Salah satu faktor penyebab fragmentasi daerah adalah pilkada serentak 2020. Sebanyak 270 provinsi dan kabupaten/kota akan menyelenggarakan pilkada, dengan 130 petahana akan kembali bertarung sebagai kontestan elektoral.
Pilkada pasti akan ”mengerem” keinginan pemda melakukan realokasi anggaran. Terutama pada pos yang secara khusus dialokasikan untuk penyelenggaraan pilkada atau realokasi dana bansos dan dana hibah yang dalam catatan Fitra (2015), satu dari tujuh celah APBD yang kerap digunakan petahana untuk ”modal” politik.
Salah satu faktor penyebab fragmentasi daerah adalah pilkada serentak 2020.
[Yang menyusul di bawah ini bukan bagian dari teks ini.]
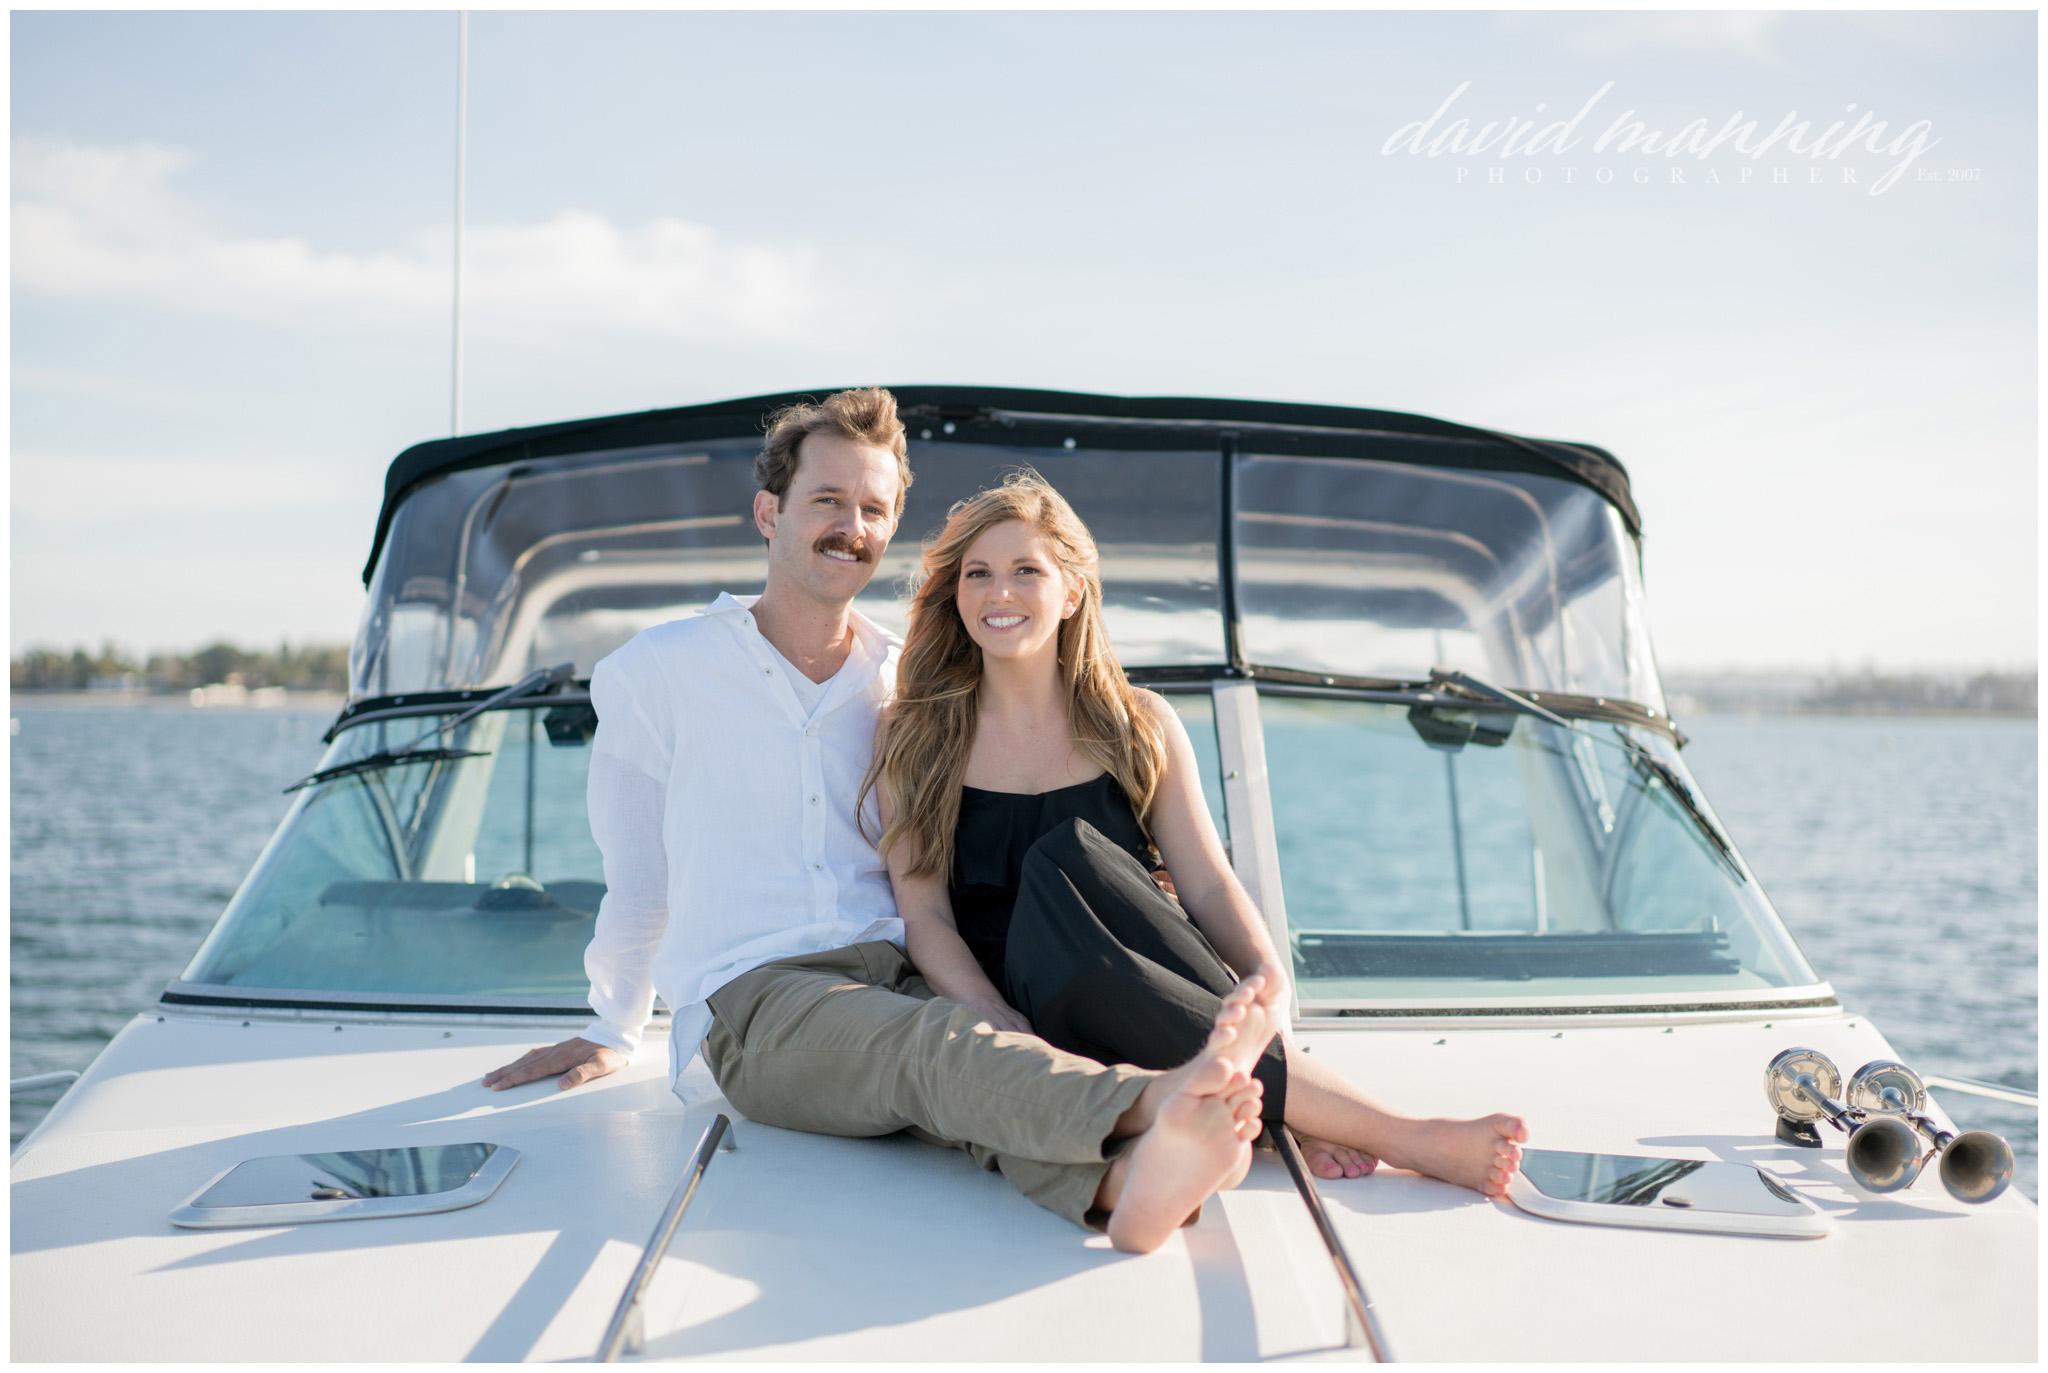 Alyssa-Taylor-Engagement-David-Manning-Photographer-0070.JPG

Penundaan pilkada dalam hitungan bulan, ke 9 Desember 2020, tetap akan membuat mobilisasi daerah untuk pandemi di daerah tak seoptimal arahan pusat. Daerah akan tetap ”setengah hati” dalam realokasi anggaran atau realokasi akan digunakan secara terselubung oleh petahana untuk kepentingan elektoral.
Defragmentasi elite
Defragmentasi elite merupakan syarat elementer untuk membangun soliditas lintas aktor di pusat dan daerah dalam pencegahan dan penanganan dampak pandemi. Semua elite yang sedang memimpin mesti menanggalkan kepentingan ekonomi-politik mereka. Keselamatan seluruh rakyat harus jadi prioritas, sebagaimana doktrin Cicero, salus populi suprema lex esto.
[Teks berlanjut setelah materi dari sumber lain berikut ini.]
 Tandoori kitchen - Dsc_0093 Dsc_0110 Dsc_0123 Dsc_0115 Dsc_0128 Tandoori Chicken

Ada dua agenda institusional mendesak dioptimalkan untuk jamin kesatuan langkah seluruh sumber daya negara. Pertama, pelipatgandaan kinerja pencegahan oleh KPK, sebagaimana ”mimpi” UU KPK dan KPK ”baru”. Realokasi anggaran pusat Rp 405,1 triliun dan triliunan anggaran seluruh daerah adalah subyek yang semestinya mengundang insting antikorupsi KPK karena anggaran sebesar itu pasti jadi target elite korup yang, sering dianalogikan Buya Syafii Maarif, berwatak lele. Semakin keruh air, semakin lahap ia makan.
Kedua, partisipasi masyarakat sipil untuk melakukan kontrol publik atas perumusan dan implementasi kebijakan di tengah pandemi. Dalam konteks itu, kita harus memberikan kritik keras dikeluarkannya telegram Kapolri perihal penanganan kejahatan di ruang siber, yang antara lain menyasar penghinaan kepada presiden dan pejabat pemerintah.
Halili, Pengajar Ilmu Politik di Universitas Negeri Yogyakarta; Direktur Riset Setara Institute.